Die Eurokrise holt uns ein?

Kaeser Portugal und einige andere kleine Länder machen zwar Fortschritte, aber insgesamt hat sich in Europa strukturell seit einem Jahr wenig verbessert. In Italien ist die politische Lage weiterhin völlig offen. Frankreich steuert einen eher unklaren Kurs: Und wenn dort weiter Vertrauen verloren ginge, dann würde auch der sogenannte "Draghi-Put", der letztlich zur Beruhigung der Finanzmärkte in Europa geführt hat, auf eine harte Probe gestellt.

Was muss passieren?

Kaeser Deutschland alleine kann den Euro und Europa zwar nicht retten, aber ohne ein starkes Europa wären wir ein Zwerg gegen die Schwergewichte USA und China.
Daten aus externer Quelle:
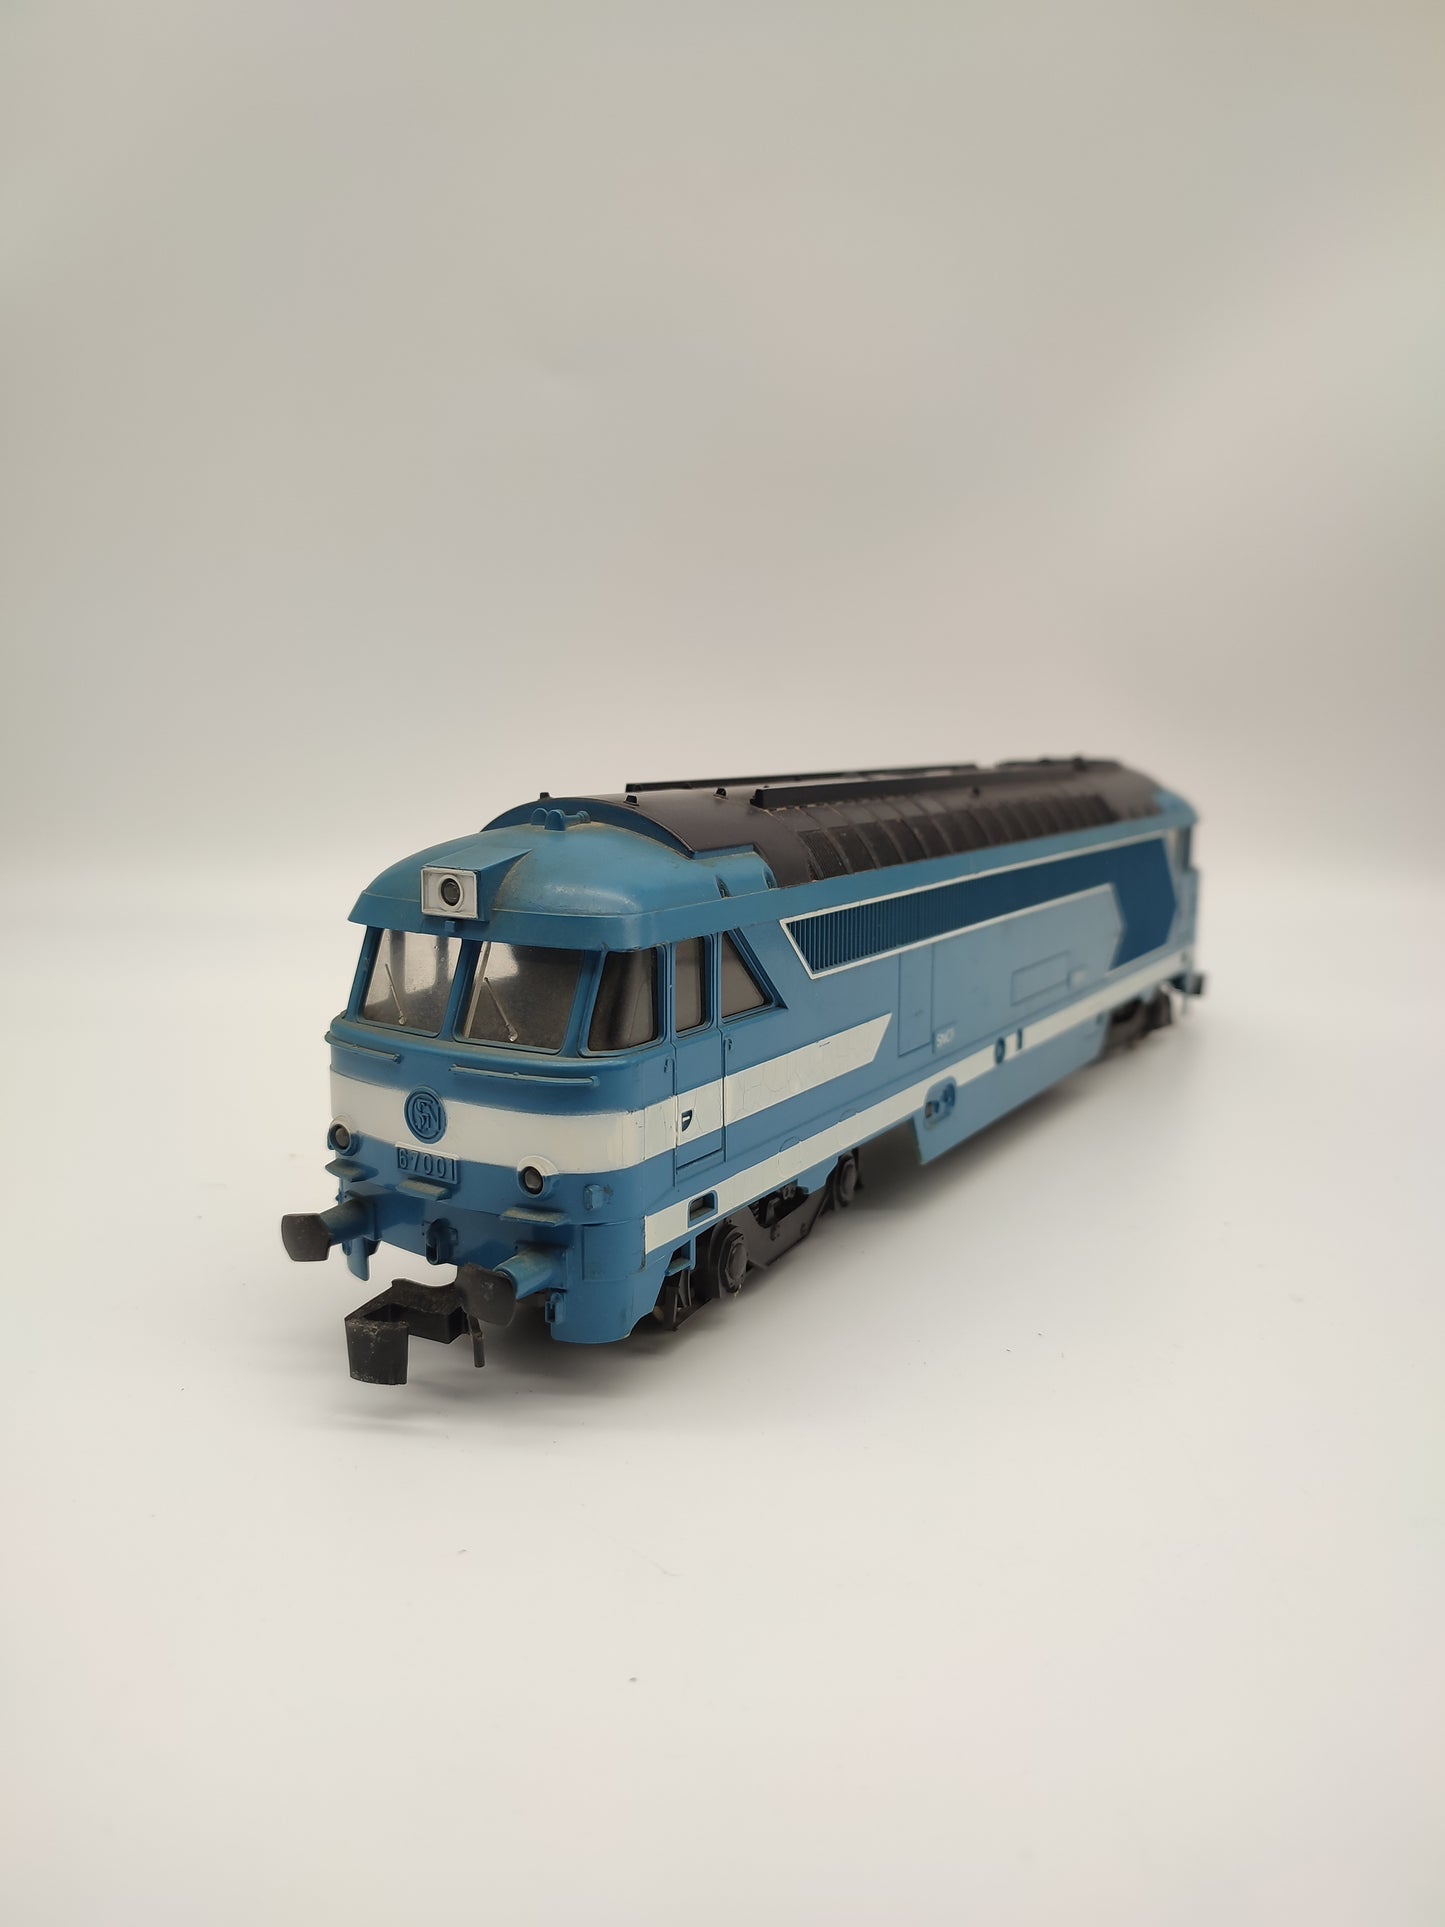 69845 Set locomotiva Lima + 2 vagoni, binari e trasformatore

Deshalb muss Deutschland aus meiner Sicht eine Führungsrolle übernehmen. Und in Europa müssen wir die Krise gemeinsam überwinden.

Brauchen wir in Deutschland eine große Koalition?

Kaeser Da halte ich mich raus. Wir brauchen grundsätzlich eine Politik, die mehr auf die nachhaltige Lösung besonders von strukturellen Herausforderungen setzt als auf schnelle Wahlerfolge. In diesem Sinne war Gerhard Schröder mit der Agenda 2010 ein Vorbild.

Wohin soll sich Europa entwickeln?

Kaeser Das heutige Europa leidet besonders unter zwei Dingen: mangelnde Binnennachfrage, also Konsum, und dem Fehlen von Rohstoffen. Diese beiden Elemente sind neben Indutrie-Know how die wichtigsten Elemente von intakten Volksiwrtschaften. Damit kann man dann auch Verschuldungen wieder in den Griff kriegen. Wir müssen deshalb aus meiner Sicht Europa mehr nach Osten öffnen: Die dortigen Volkswirtschaften bieten hochgradige Binnennachfrage, fördern Infrastrukturwachstum und vor allem Russland ist ein rohstoffreiches Land. Wir in Deutschland haben dagegen wenig Konsum-Bedarf und kaum Rohstoffe. Unsere entscheidende Stärke sind unsere Talente und unsere Innovationen. Deshalb bietet die mittelfristige Öffnung Europas, etwa in Richtung Polen, der Türkei und Russland eine einmalige Chance mit den politischen und wirtschaftlichen Supermächten Amerika und China auf Augenhöhe mitzuhalten und die Zukunft Europas nachhaltig zu gestalten und den Wohlstand in Europa gegen die aufstrebenden Entwicklungsländer zu verteidigen. Diese historische Chance sollte man sich nicht leichtfertig entgehen lassen.

Das Gespräch führten Antje Höning, Reinhard Kowalewsky, Horst Thoren und Georg Winters.